(Beginning of Data segment)

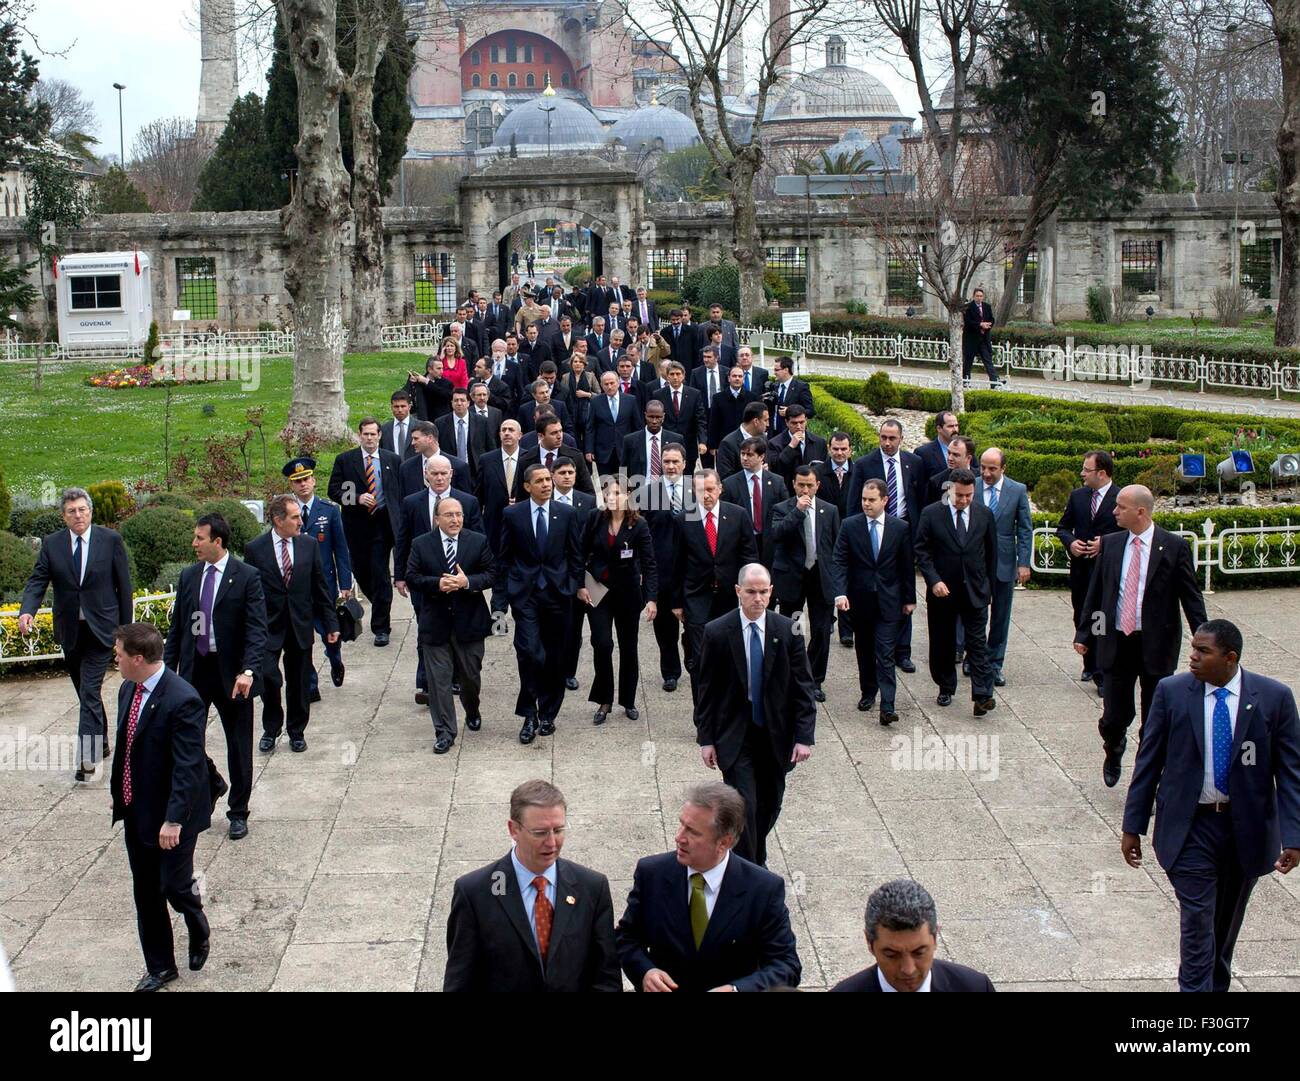 Le président des États-Unis, Barack Obama marche avec le Premier ministre turc Recep Tayyip Erdogan de Hagia Sofia de la Mosquée Bleue le 7 avril 2009 à Istanbul, Turquie. Banque D'Images
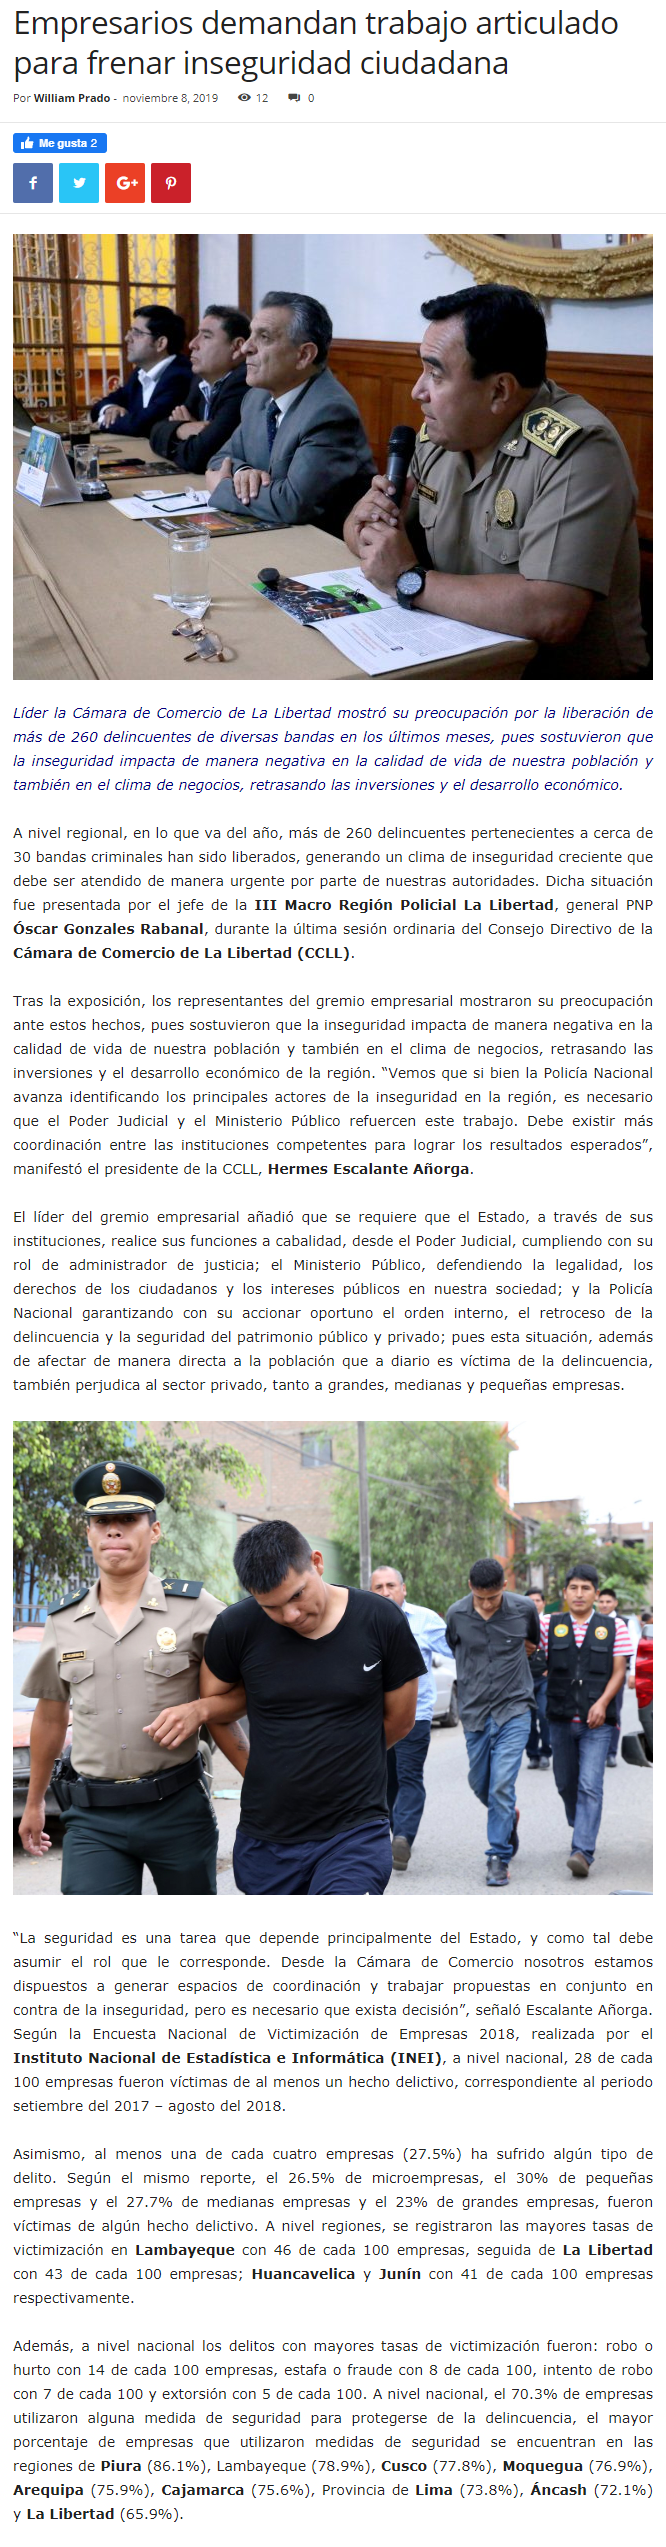 08.11.19.03 NOTICIAS RESPONSABLES CCLL preocupada por salida de delincuentes
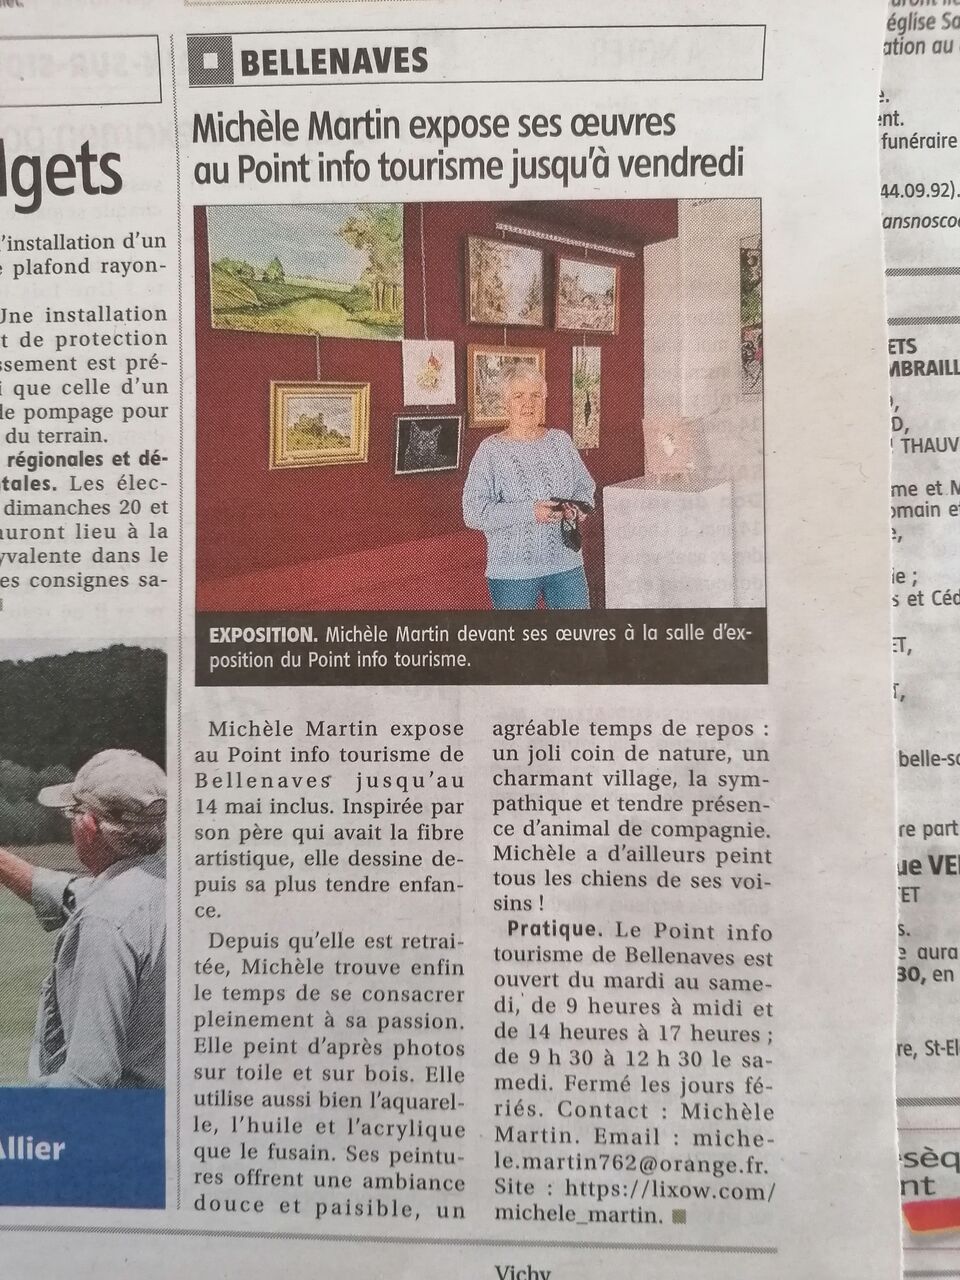 Michele martin article de La Montagne edition Bellenaves.

(End of Data segment)

Exclude the pictures and print the rest of the data exactly.

 Le président des États-Unis, Barack Obama marche avec le Premier ministre turc Recep Tayyip Erdogan de Hagia Sofia de la Mosquée Bleue le 7 avril 2009 à Istanbul, Turquie. Banque D'Images
 08.11.19.03 NOTICIAS RESPONSABLES CCLL preocupada por salida de delincuentes
 Michele martin article de La Montagne edition Bellenaves.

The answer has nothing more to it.